“Akif Bey”, hem konusu hem içeriği hem de karakterlerin işlenmesi itibarıyla Namık Kemal’in en değerli tiyatro eserlerinden biridir. Bir dönem devlet tiyatrolarında usta tiyatrocular tarafından da oynanan eser, edebiyatımıza denizi sokan ilk yapıt olarak da bilinir.
Deniz zabiti Akif Bey, vatani görevini yerine getirmek için Kırım Savaşı’na katılınca çok sevdiği karısından ayrılmak zorunda kalır. Ne var ki karısı, kendisine karşı aynı hisleri beslememektedir. Nitekim Akif Bey’den -savaş sırasında esir düştüğü için- haber alınamaması, bu sadakatsiz kadının başka biriyle evlilik planları için bir fırsat olur. Gelgelelim Akif Bey bir gün çıkagelir ve her şey bir faciayla noktalanır.
AKİF: “Ben katil değilim… Beni istemeyeni öldürmek zilletine düşmem… Ben hakikati öğrenmek istiyorum… O kadar…”
ŞAHİN: “Ne yapacaksın onu… Hâlâ mı anlamadın onu?..”
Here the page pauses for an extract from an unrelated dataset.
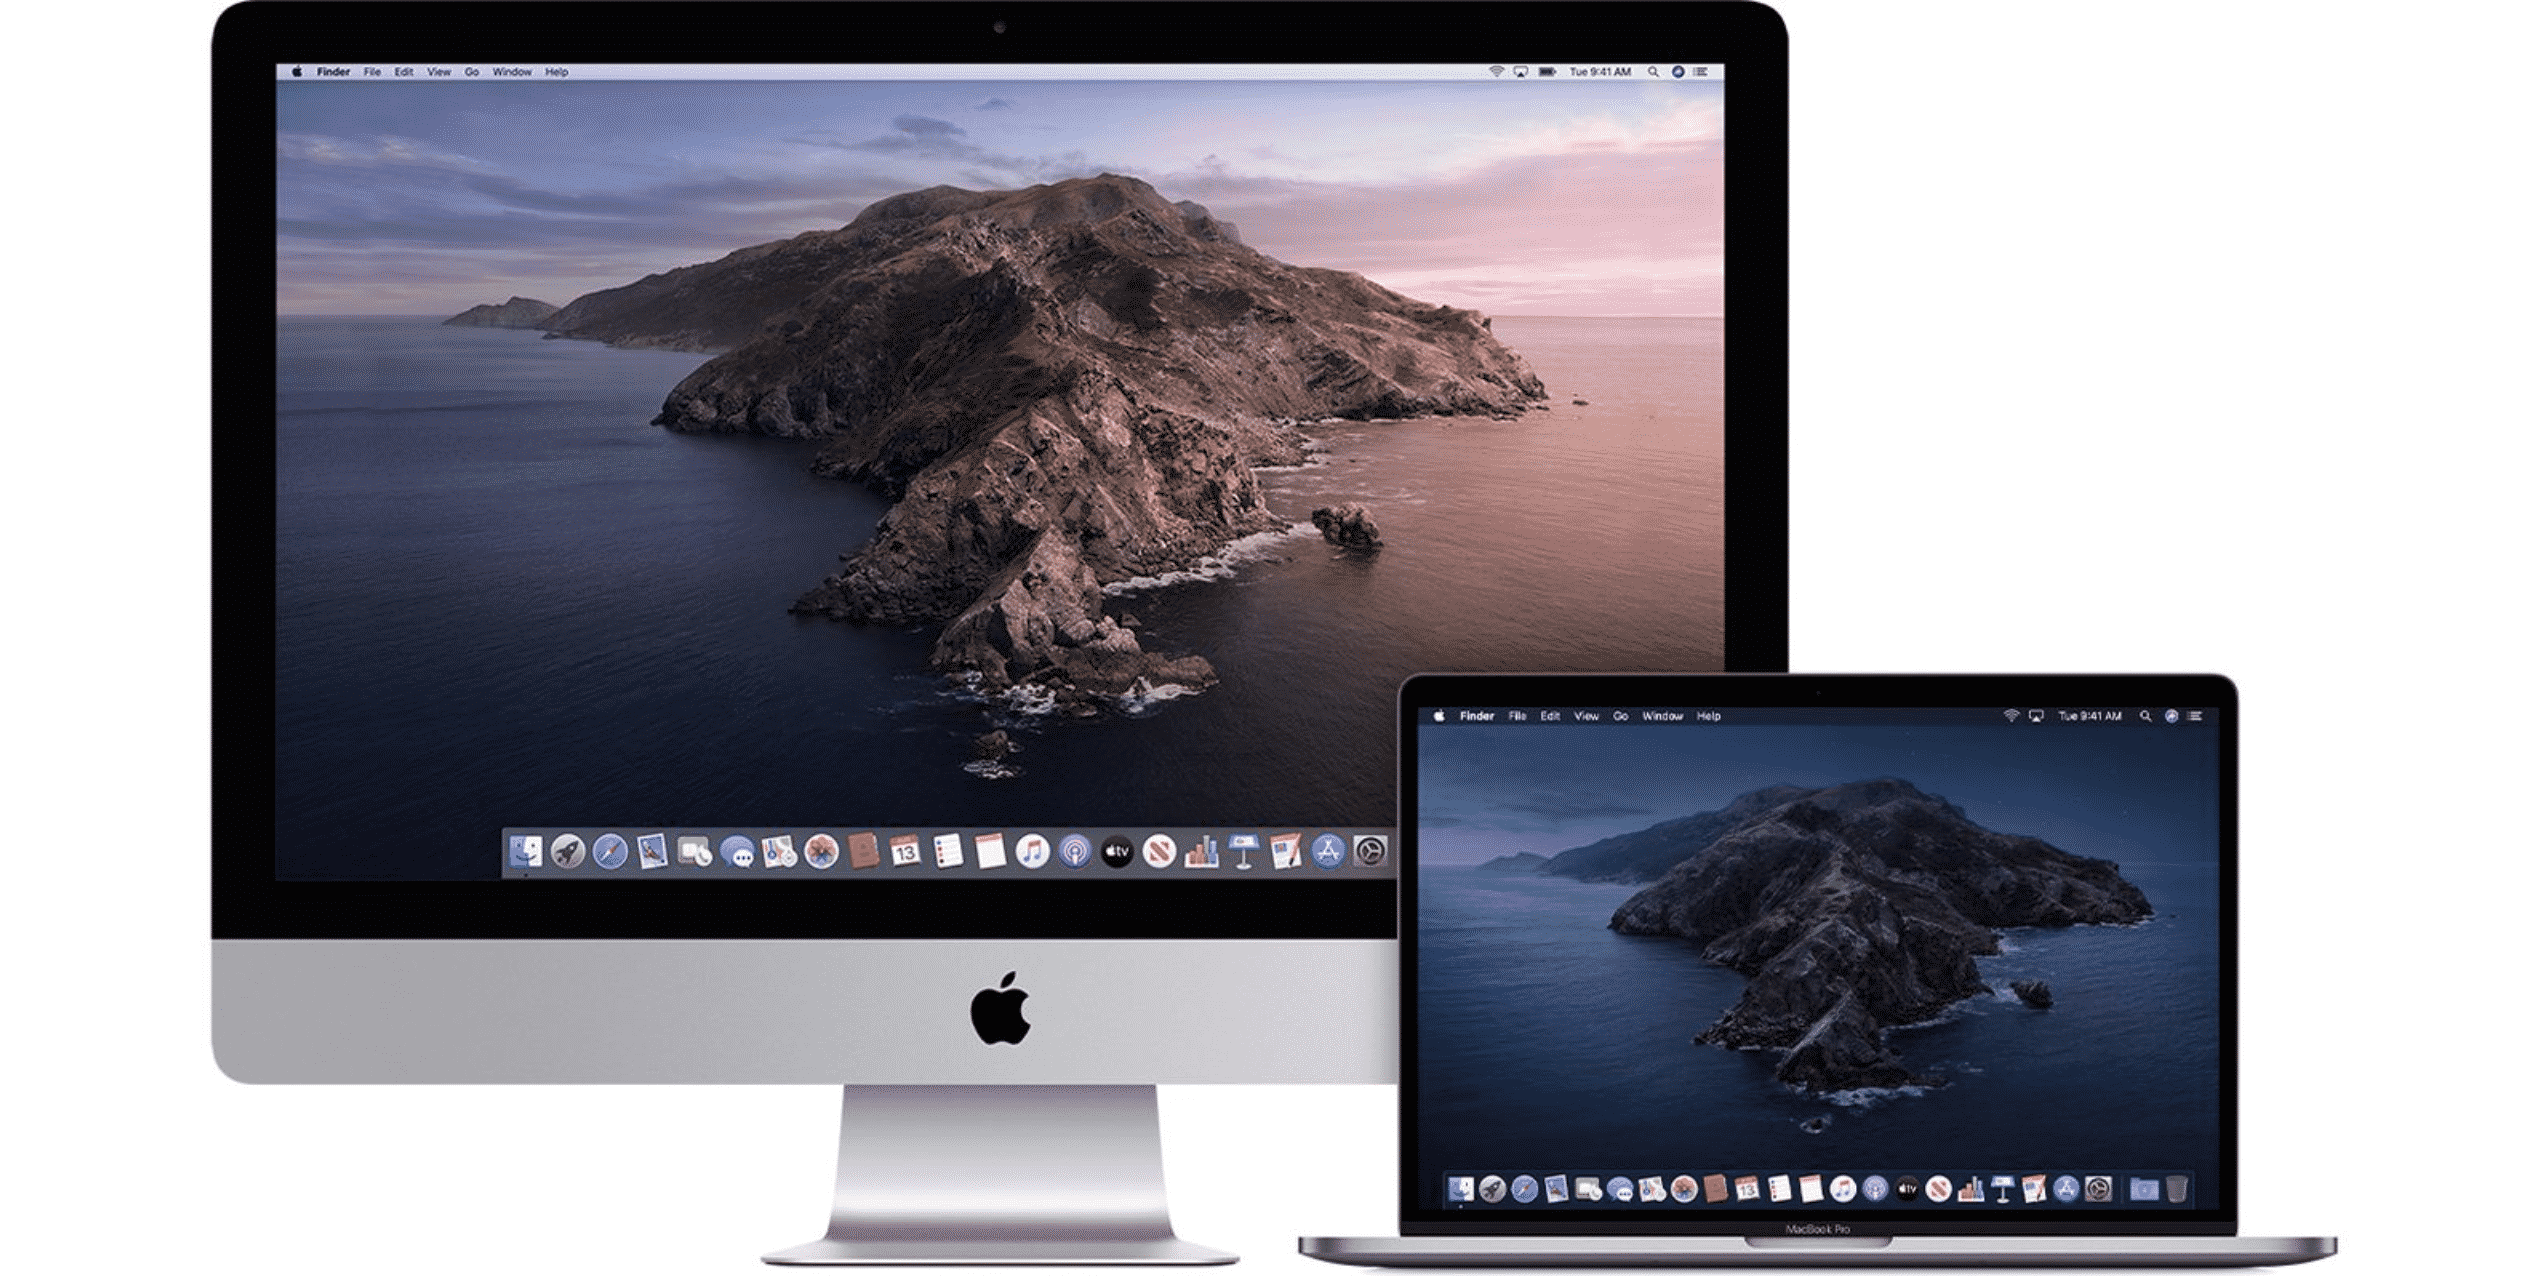 macOS 10.15.4

AKİF: “Anladım fakat bir kere de bunu, onun yüzünde görmek istiyorum. İsmet perdesi, muhabbet nişanesi zannettiğim pembelikler, nazlar ve utangaç gülümsemelerin yalancı bir nikap gibi düştüğünü görmek istiyorum.”
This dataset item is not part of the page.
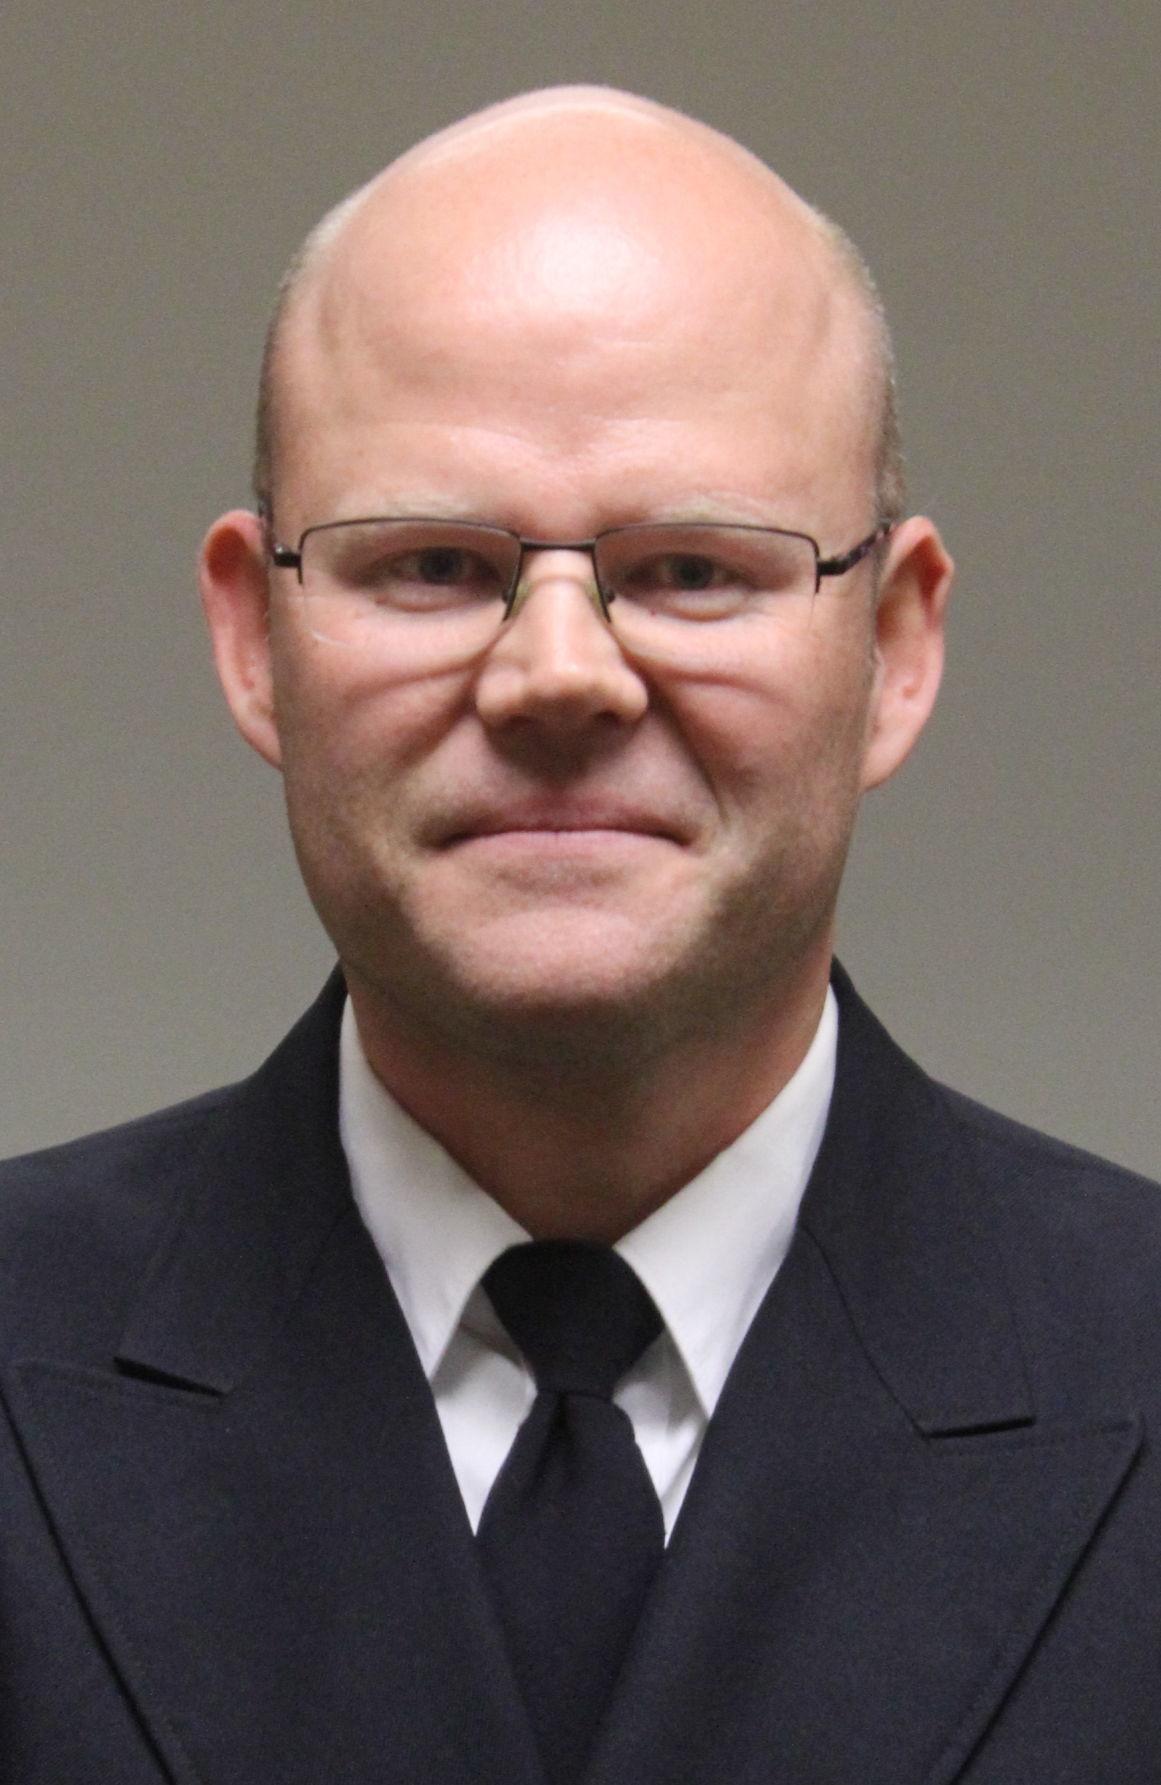 Jeremy McKinley headshot

ŞAHİN: “Aldatmayalım kendimizi de birbirimizi de… Sen onu bir kere daha görmek istiyorsun. Sen onu seviyorsun… Bağışla benim açık sözlülüğümü kurbanın olayım Akif…”
AKİF: (ihtirastan titreyerek kendinden geçmiş bir hâlde) “Ne çıkar… Tut ki seviyorum… Tut ki bir kere daha görmek, bir kere olsun görmek istiyorum… Bırak beni…”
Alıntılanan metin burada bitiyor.